> [TASK DIRECTIONS] Go to the line holding "Mũi Khoan Gắn Mảnh Spotting" in the data below. Return it and each line after it through the last, exactly, and skip the pictures.

> [SOURCE DATA]
=== Begin Enclosure ===
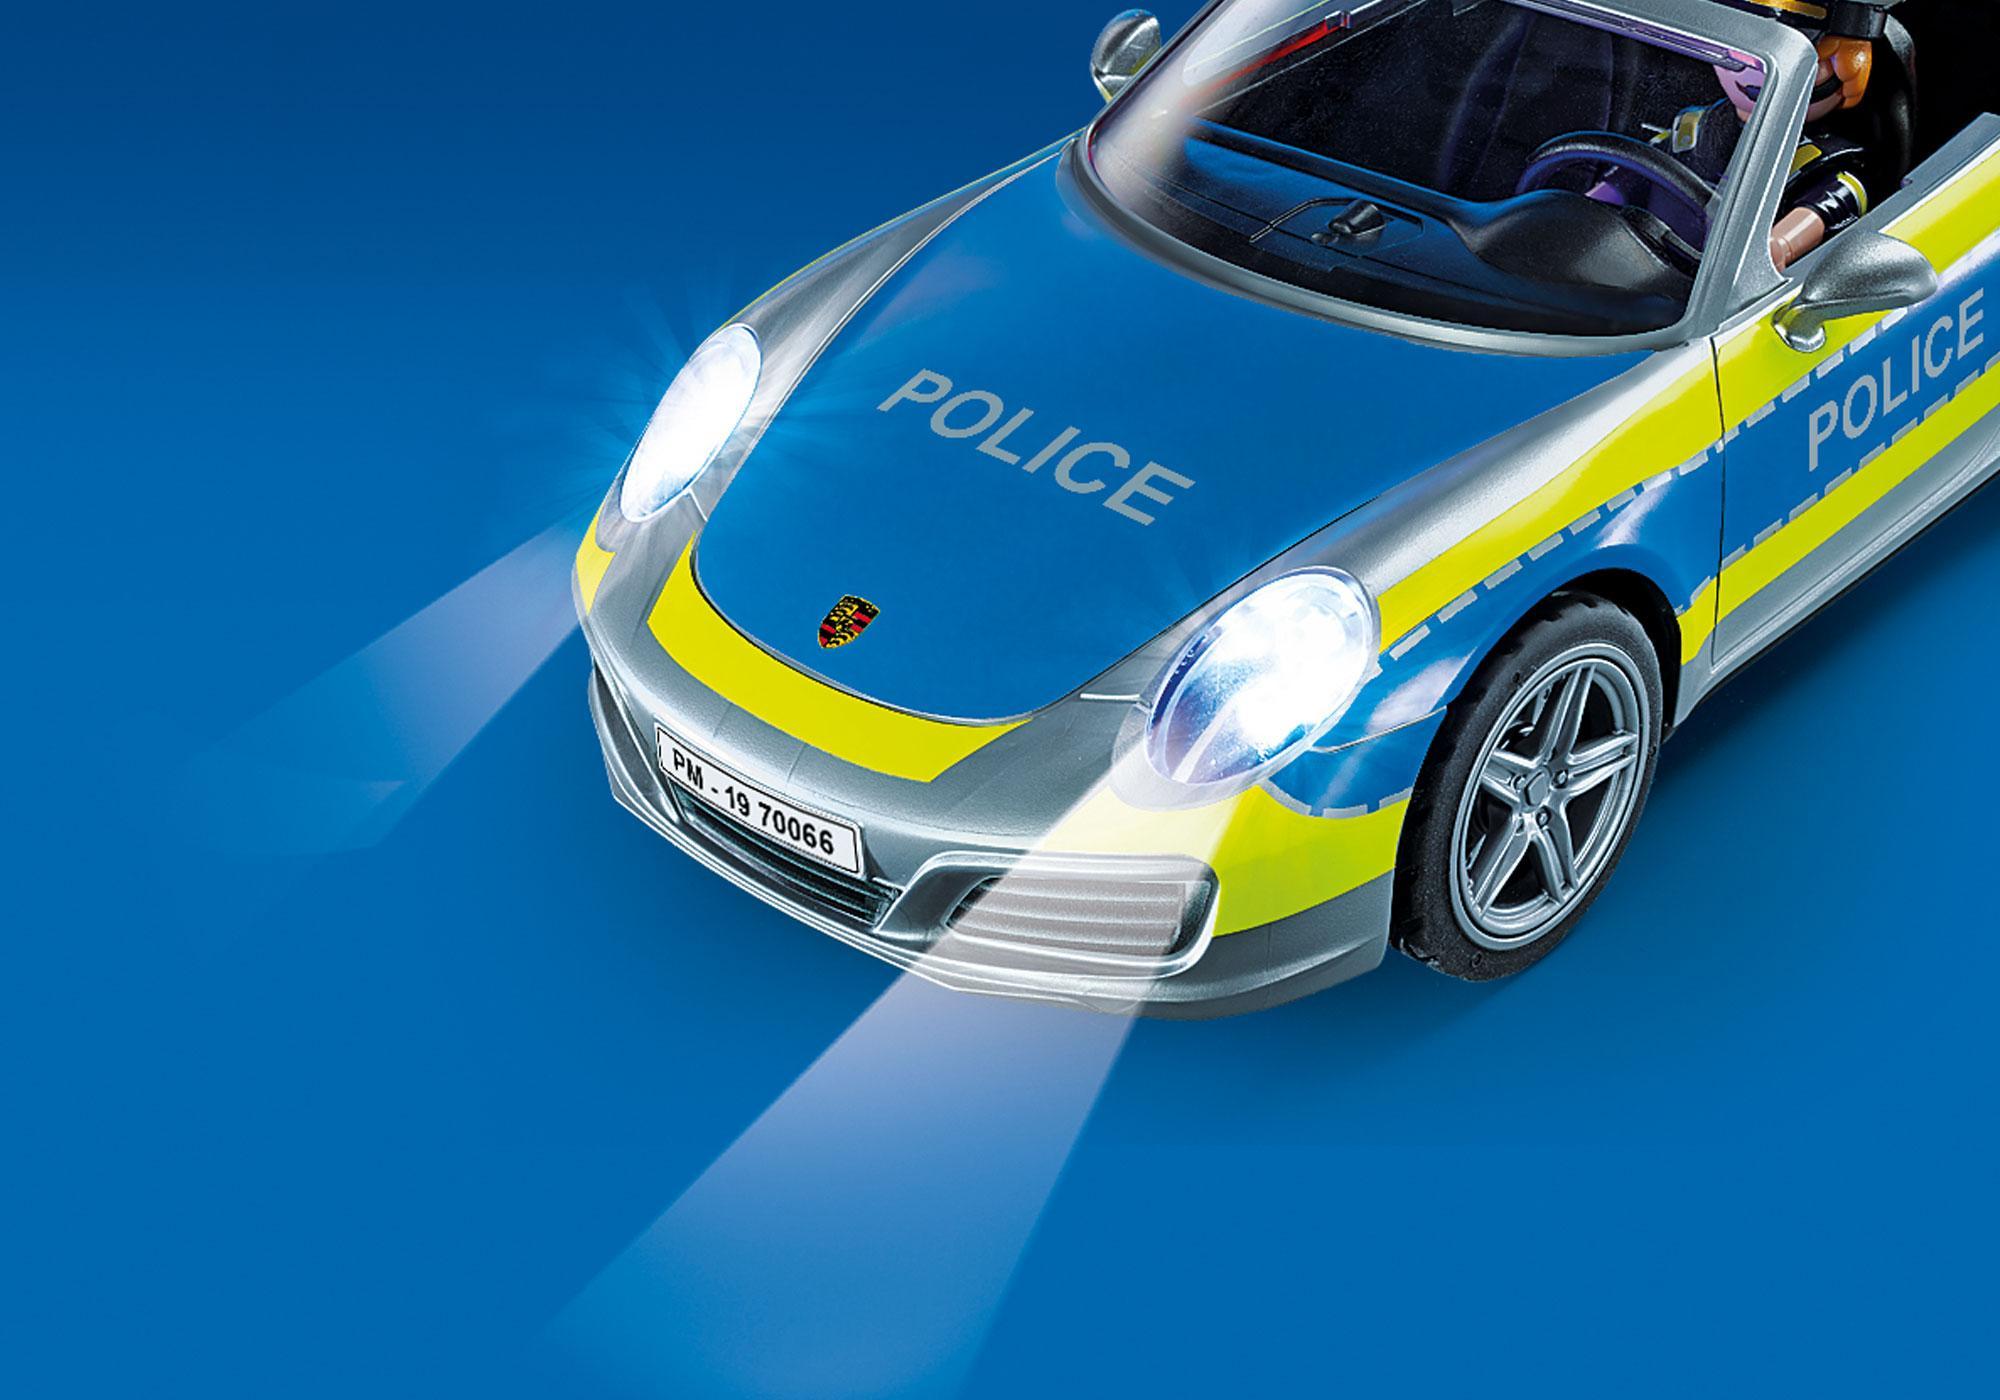 http://media.playmobil.com/i/playmobil/70066_product_extra2/Porsche 911 Carrera 4S Politie
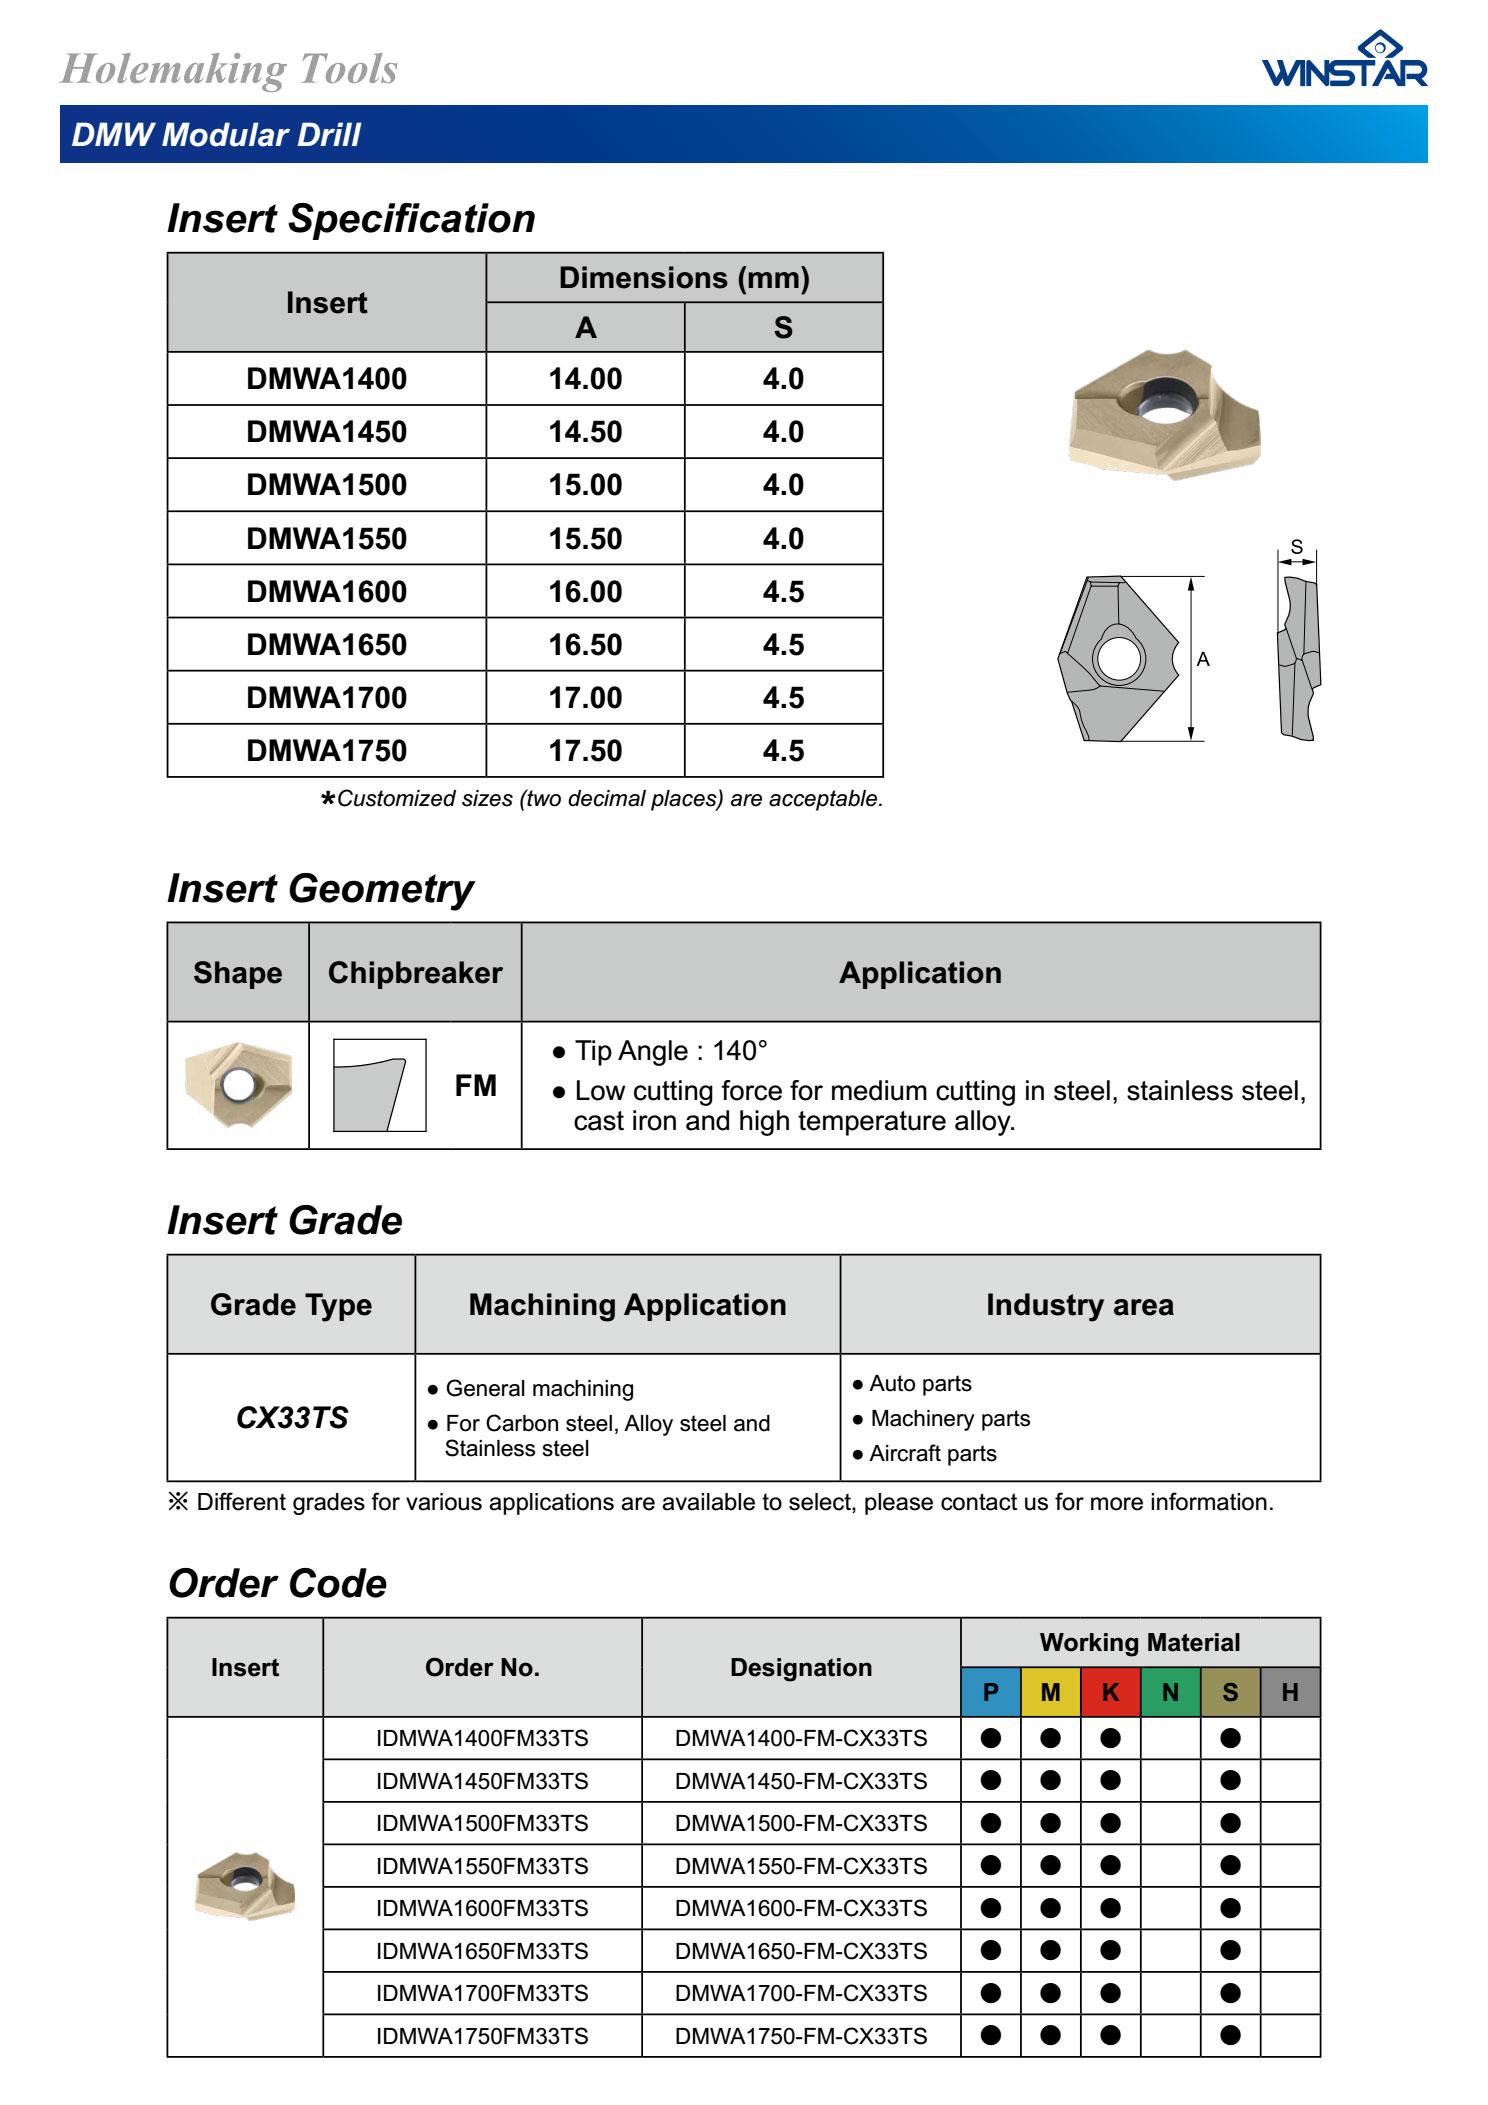 Mũi Khoan Gắn Mảnh Spotting Drill Mũi Khoan Gắn Mảnh Winstar DMW Modular Drills 2Winstar DTS60 2
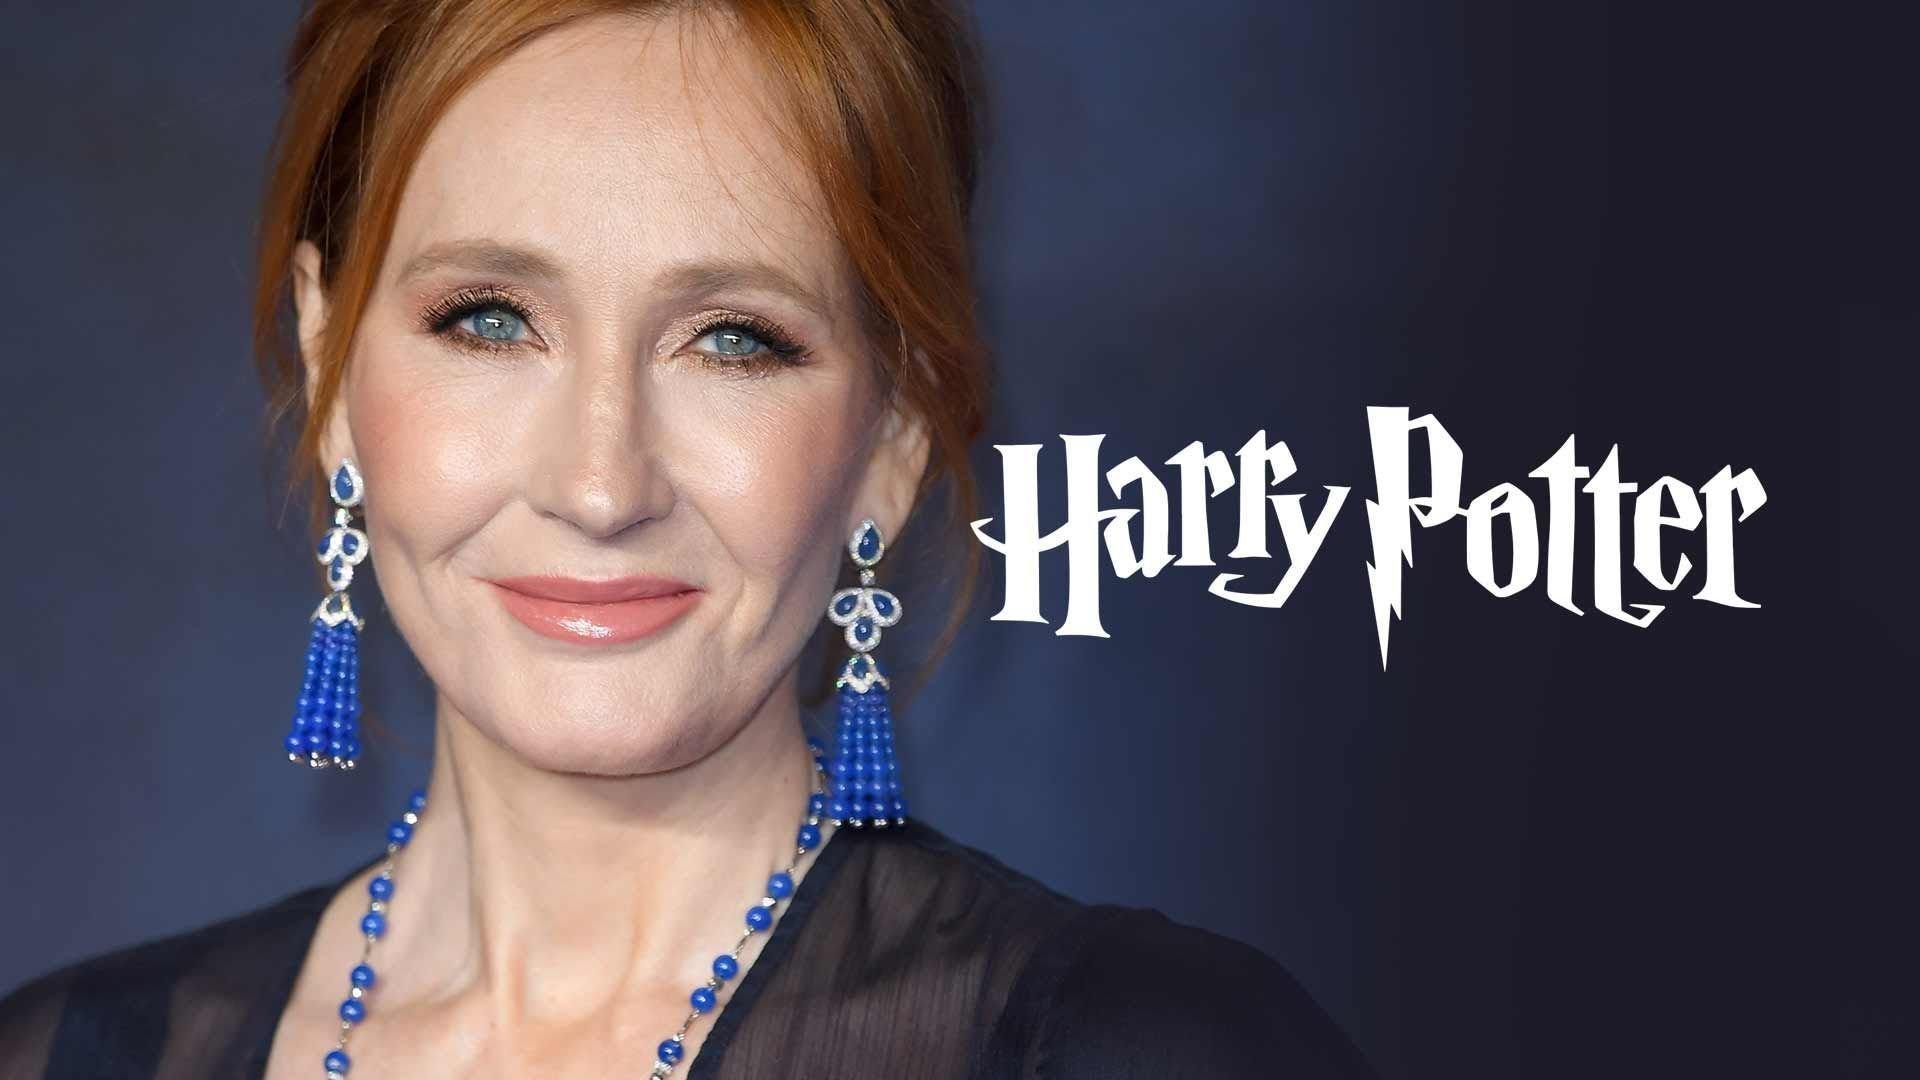 JK Rowling corre o risco de comprometer o sucesso do RPG de Harry Potter? »Vamos falar sobre videogames
=== End Enclosure ===
> [EXERCISE RESPONSE]
 Mũi Khoan Gắn Mảnh Spotting Drill Mũi Khoan Gắn Mảnh Winstar DMW Modular Drills 2Winstar DTS60 2
 JK Rowling corre o risco de comprometer o sucesso do RPG de Harry Potter? »Vamos falar sobre videogames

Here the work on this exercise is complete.